How can I change the scoring script of rel_component so it will search for start_offset instead of id.

Answered by svlandeg

Jul 4, 2023

Hi @wallybeamm!

I think the key to solving your problem is here:

So, I customized the parse_data.py and generated a '.spacy' file.

This .spacy file should, for each of your documents, contain the entities in doc.ents and the relations in doc._.rel. Your approach to modifying parse_data.py is the right way to go about this: basically you need to adjust this script so it parses your Doccano files instead of the Prodigy format.

I understand that in the Doccano format, you don't immediately have access to the token indices (token_start and token_end). However, if you're creating the Doc object and setting the entities in doc.ents via their character indices start_offset and end_offset

entit…

View full answer

svlandeg · 2023-07-04T10:05:00Z

svlandeg
Jul 4, 2023

Hi @wallybeamm!

I think the key to solving your problem is here:

So, I customized the parse_data.py and generated a '.spacy' file.

This .spacy file should, for each of your documents, contain the entities in doc.ents and the relations in doc._.rel. Your approach to modifying parse_data.py is the right way to go about this: basically you need to adjust this script so it parses your Doccano files instead of the Prodigy format.

I understand that in the Doccano format, you don't immediately have access to the token indices (token_start and token_end).

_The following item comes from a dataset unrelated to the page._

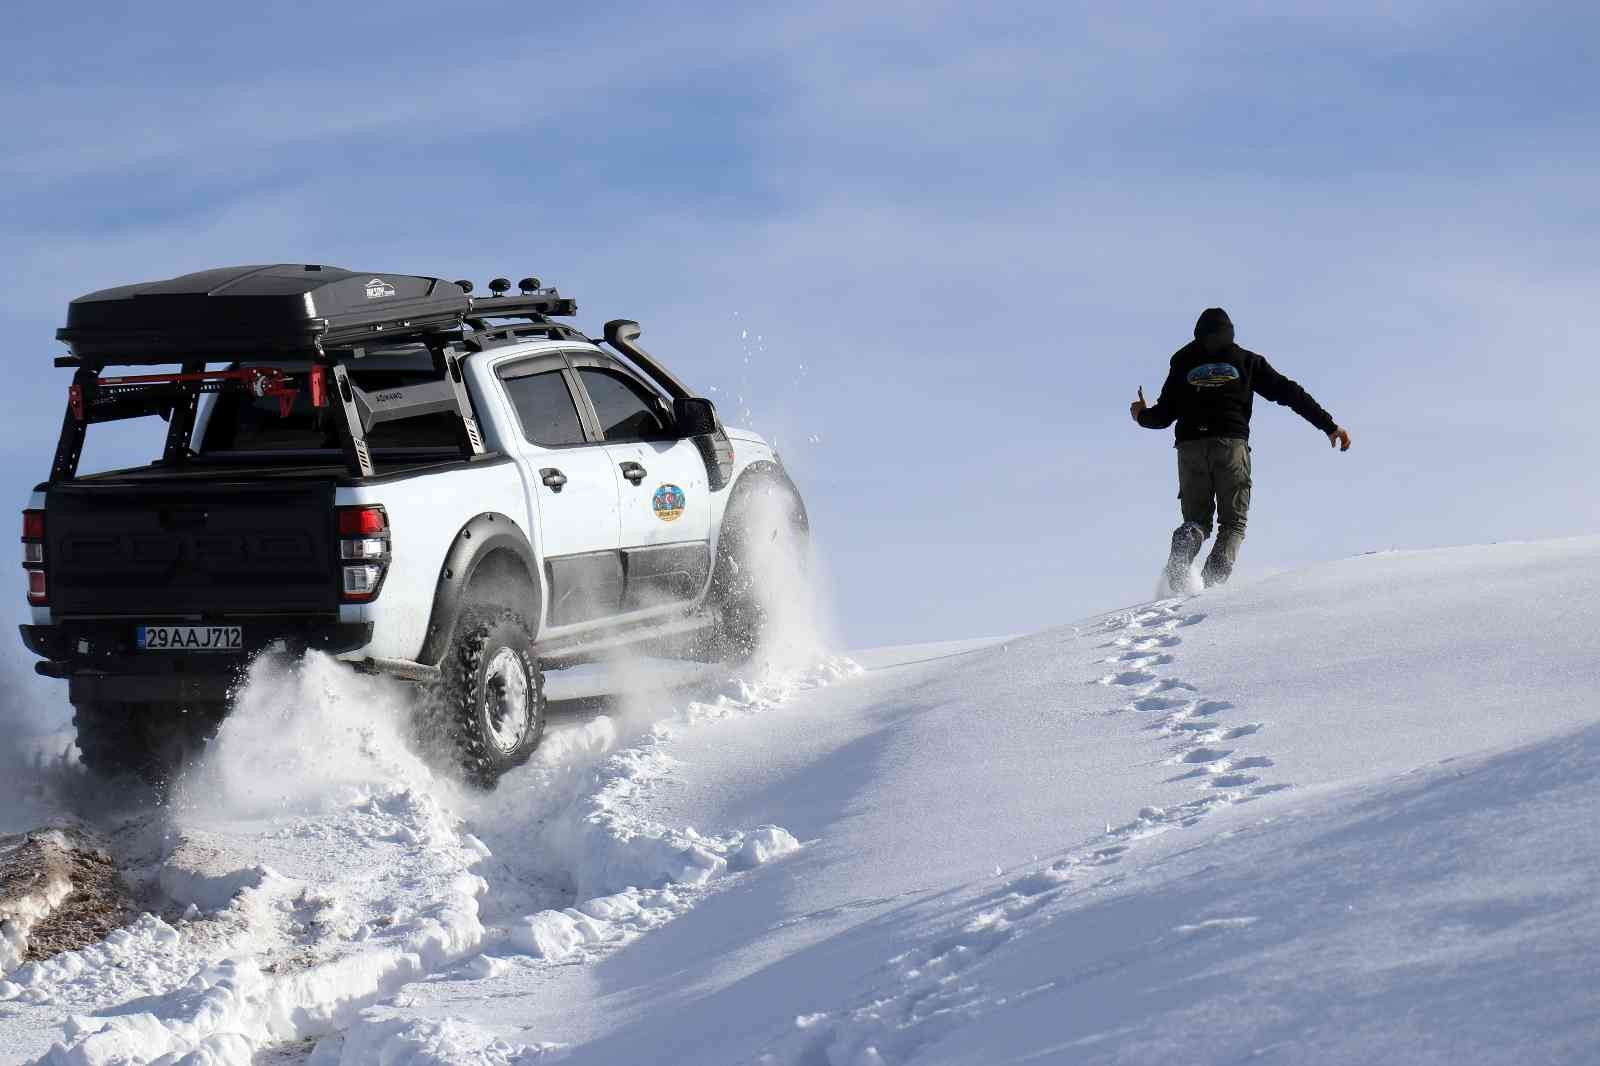 Gümüşhane’de off-road tutkunlarının karla mücadelesi #gumushane
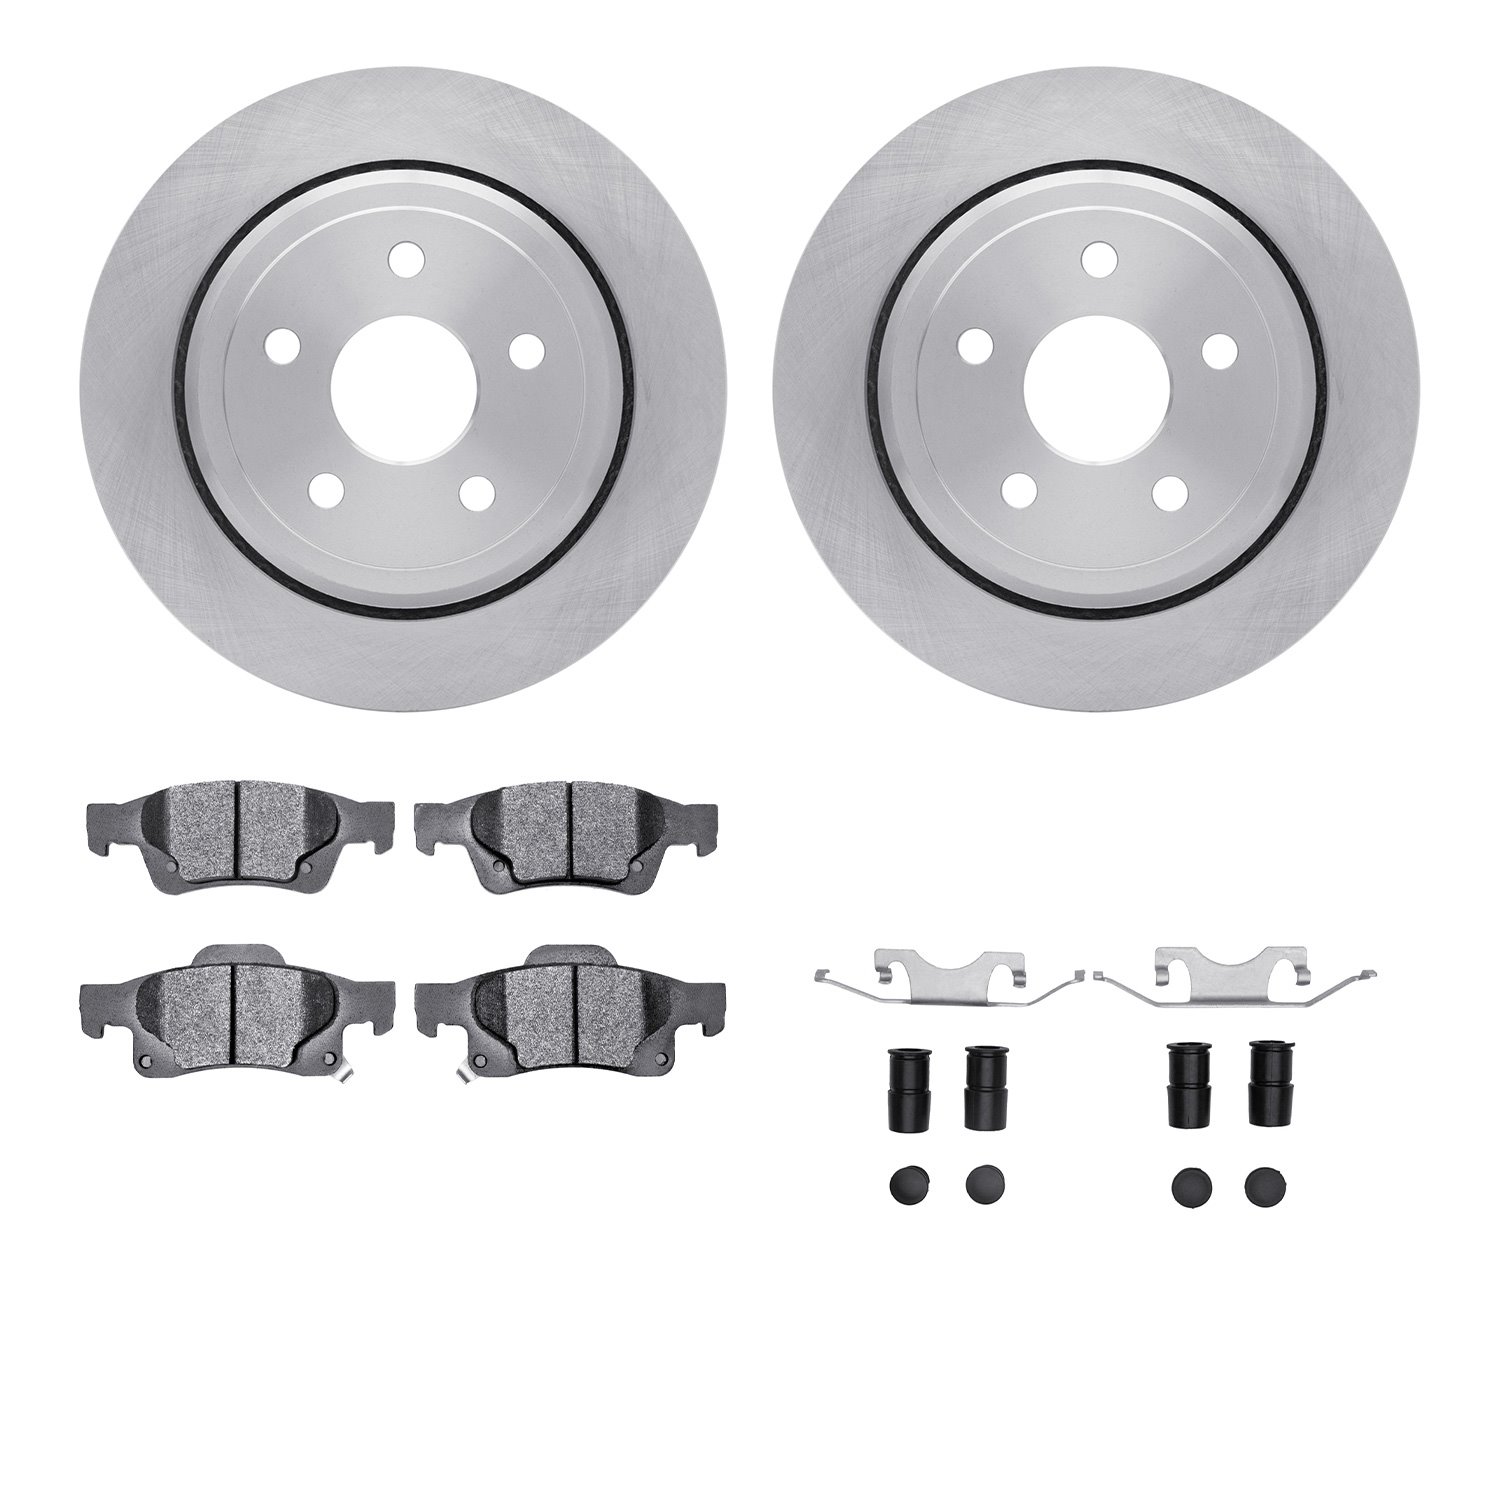 6212-42007 Brake Rotors w/Heavy-Duty Brake Pads Kit & Hardware, Fits Select Mopar, Position: Rear

However, if you're creating the Doc object and setting the entities in doc.ents via their character indices start_offset and end_offset

entity = doc.char_span(span["start_offset"], span["end_offset"], label=span["label"])

then afterwards you can obtain the token indices by querying entity.start and entity.end.

So basically it's OK that Doccano doesn't provide those - you can define the entity on spaCy's Doc object first, then use spaCy's built-in methods to retrieve the token indices and use those to define the relations accordingly.

Hopefully that works :-)

1 reply

wallybeamm Jul 16, 2023
Author

I couldn't notice the entity.start and entity.end features before. I thought we only have entity.start_char and entity.end_char. Thanks for the help and recording tutorials 🥇.

wallybeamm · 2023-07-16T11:24:40Z

wallybeamm
Jul 16, 2023
Author

If anyone else wants to use Doccano in their project, here is my final custom_parse.py script. Note that the original rel_component project has a parse_data.py script which takes four inputs as json_loc: Path, train_file: Path, dev_file: Path, test_file: Path and produces 3 .spacy files. But this one output at a time.

# This script was derived from parse_data.py but made more generic as a template for various REL parsing needs.

import json
import random
import typer
from pathlib import Path

from spacy.tokens import DocBin, Doc
from spacy.vocab import Vocab
from wasabi import Printer
import spacy
from spacy.util import filter_spans
msg = Printer()

# TODO: define your labels used for annotation either as "symmetrical" or "directed"
SYMM_LABELS = []
DIRECTED_LABELS = ["itemSoldAtDate", ...]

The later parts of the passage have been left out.